B Corresponding author. Email: syoshitake@kurenai.waseda.jp

Australian Journal of Soil Research 46(4) 390-396 https://doi.org/10.1071/SR07104
Submitted: 20 July 2007  Accepted: 7 April 2008   Published: 23 June 2008

Abstract

We used phospholipid fatty acid (PLFA) analysis to examine the relation of microbial biomass and community composition to vegetation zonation on a coastal sand dune. Soil samples were collected along 3 line transects established from the shoreline to the inland bush. Total PLFA content and PLFA composition of soils were used as indices of total microbial biomass and community composition, respectively. The microbial biomass was much higher in the inland Vitex rotundifolia zone than in the seaside plots. The microbial community composition also differed among the vegetation zones, with a higher contribution of fungal biomarkers in the inland plots. The microbial biomass increased significantly with increasing soil organic matter (SOM) content, but was not correlated with soil salinity. These results suggest that microbial biomass in the coastal sand dune was controlled primarily by the accumulation of SOM. The microbial community composition also changed with SOM content in the seaside plots, but SOM had little effect in the inland plots. These results suggest that the factors limiting the microbial community composition differed with location on the dune.

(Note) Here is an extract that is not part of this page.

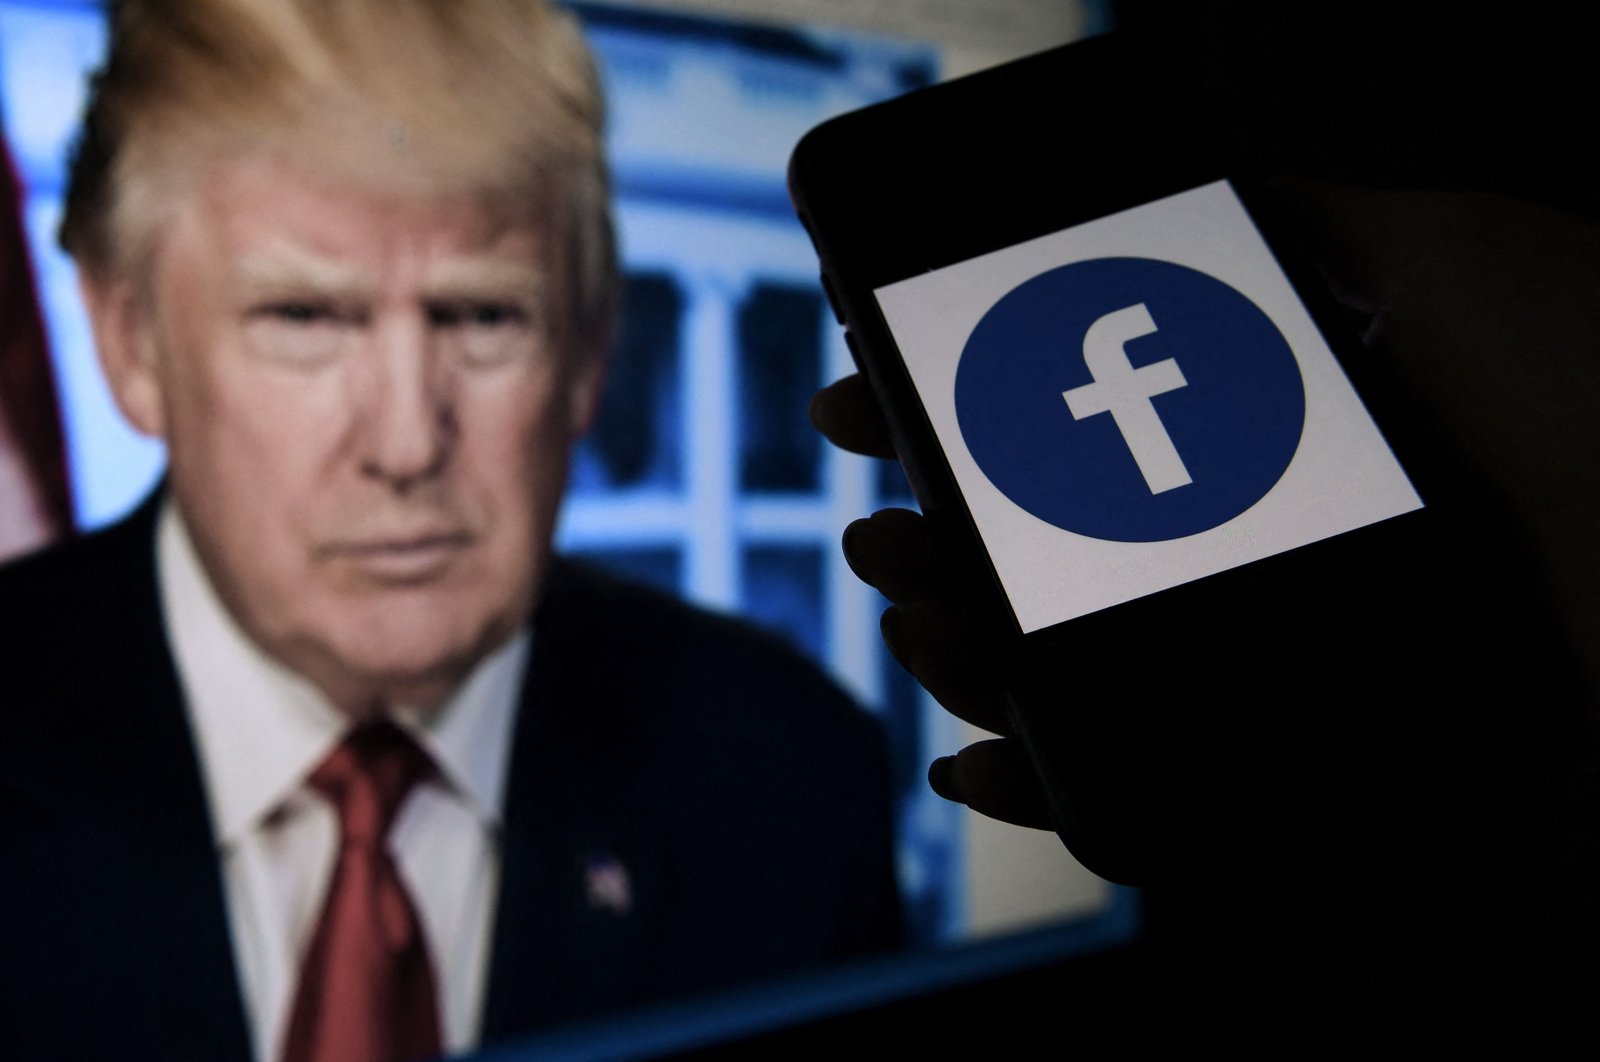 A phone screen displays a Facebook logo with the official portrait of former US President Donald Trump in the background in Arlington, Virginia, U.S., May 4, 2021. (AFP Photo)

Additional keywords: phospholipid fatty acids (PLFA), salinity, soil organic matter (SOM).


Acknowledgments

The authors thank Dr N. Sakurai, of Hiroshima University, for the laboratory facilities. We thank Mr Y. Mouri, of the Natural Science Center for Basic Research and Development (N-BARD), Hiroshima University, for measuring the carbon and nitrogen contents of samples. This research was partially supported by the Ministry of Education, Science, Sports and Culture of Japan with a Grant-in-Aid for JSPS Fellows, 2007.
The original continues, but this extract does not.